Com sistema de saúde no abismo Irmã de pró-Rosa implora por regulação; "a gente já está perdendo as esperanças"

“Tentamos fazer o exame da Covid particular no sábado (19) mais o hospital não a liberou"

21/06/2021 15h31 Atualizada há 3 semanas
Por: São Gonçalo Agora
Hospital Municipal Professor José Maria De Magalhães Neto
Hospital Municipal Professor José Maria De Magalhães Neto

A famosa “Fila da Regulação”, na Bahia, tem causado muitos estragos em milhares de famílias. Chega a ser caso de CPI para se apurar a culpa por tantos óbitos já ocorridos, baianos que agonizaram até a morte enquanto esperavam o famoso “jeitinho”. Isso mesmo, “jeitinho”, pois basta procurar político A, B ou C, ou algum empresário influente e a regulação/vaga aparece. Será que temos algum Deputado Estadual capaz de resolver isso? Pois é na AL que esse “genocídio” pode ser resolvido.

Felizmente o caso de São Gonçalo dos Campos não é de óbito.
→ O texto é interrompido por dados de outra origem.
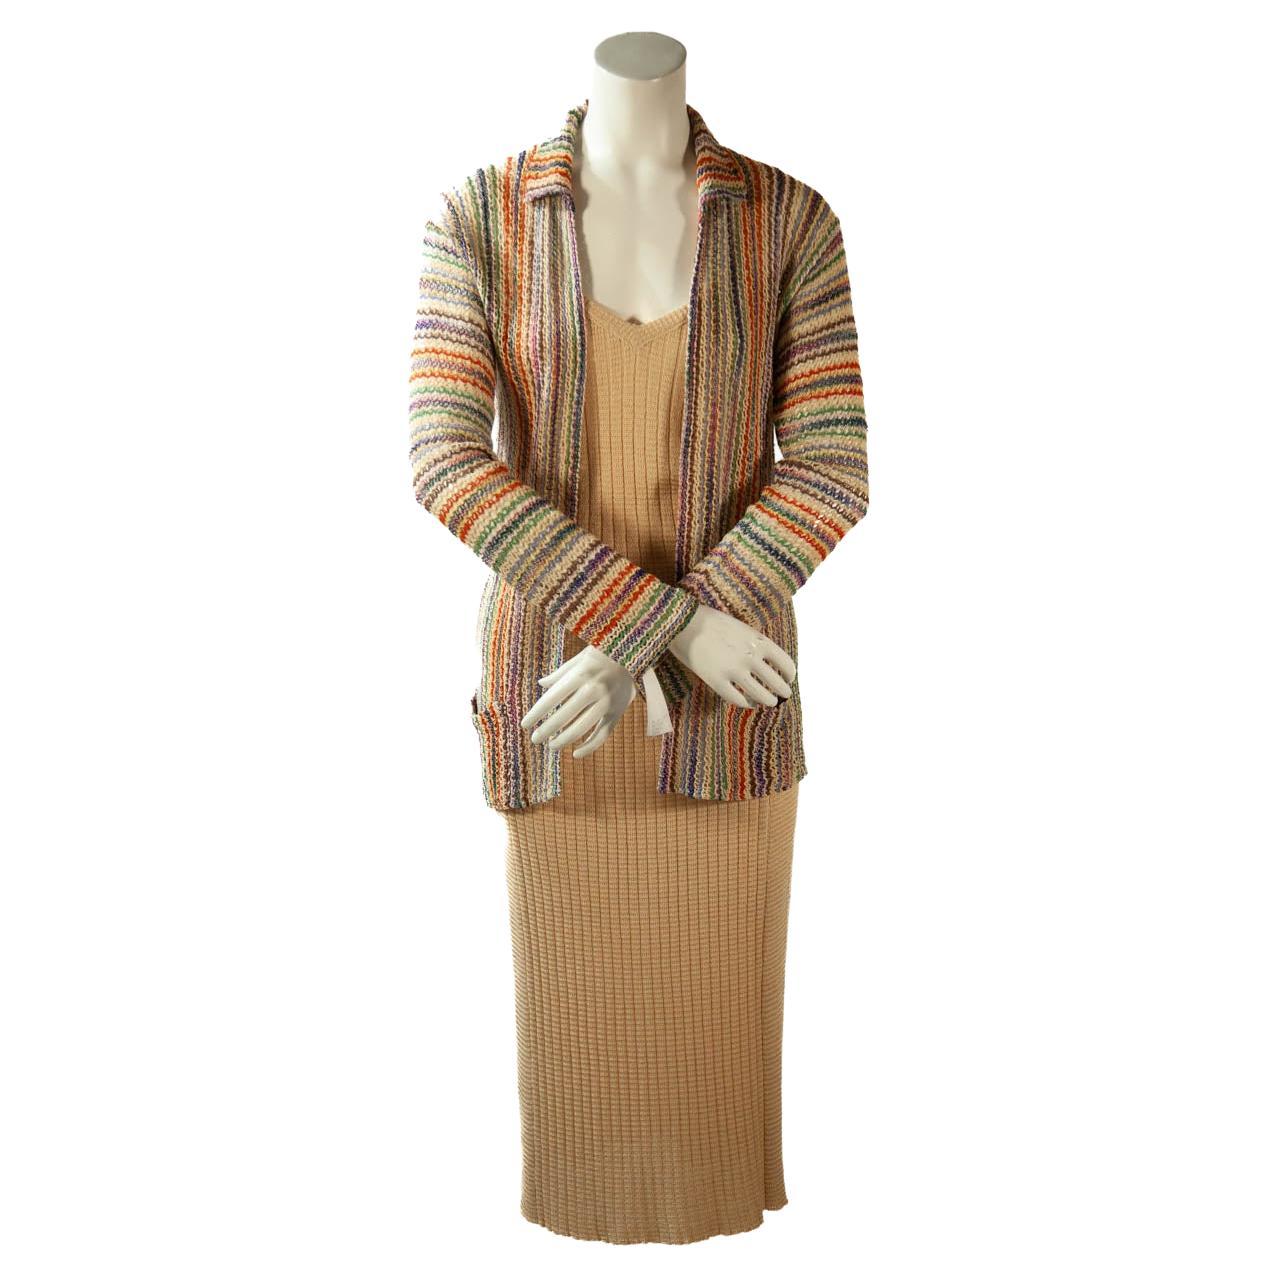 Missoni, Museum Documented Ensemble, Camisole, Skirt and Cardigan, 1973 For Sale

Mas poderá ser, caso a paciente não consiga a tal da “regulação”.

A professora Rosa Cristina Vieira da Conceição, que tem mais de 30 anos atuando na educação, deu entrada no Hospital Municipal de São Gonçalo no último dia 16 de junho, seu quadro só piora, e, segundo sua irmã, Andréia, que saiu de Salvador para acompanha o caso da pró-Rosa o estado de saúde de sua irmã é bem grave.

De acordo com Andréia, sua irmã, que é depressiva, chegou ao hospital desacordada, ainda não passou por nenhum exame a não ser o RT-PCR, que aguarda resultado, e possivelmente pode ter sofrido um AVC.

Inicialmente pró-Rosa foi colocada no setor de Covid-19, mesmo sem a realização de um teste ou exame para detecção do vírus. Segundo Andréia, a informação que os familiares receberam foi que a irmã possivelmente estaria de Covid. Depois, devido a reclamações, falaram que o caso da paciente não era Covid e a encaminharam para uma ala normal do hospital.

Ainda de acordo com Andréia, sua irmã precisa urgente de regulação, pois precisa de exames neurológicos entre outros, e o hospital municipal não tem essa capacidade.

“Tentamos fazer o exame da Covid particular no sábado (19) mais o hospital não a liberou. Hoje (21) pela manhã ela teve sucessivas convulsões, o caso é gravíssimo, encontra-se sedada. Tentamos fazer a tomografia particular e o hospital disse que ela não tem mais condições de ser removida, precisa de regulação com urgência, a gente já está perdendo as esperanças.”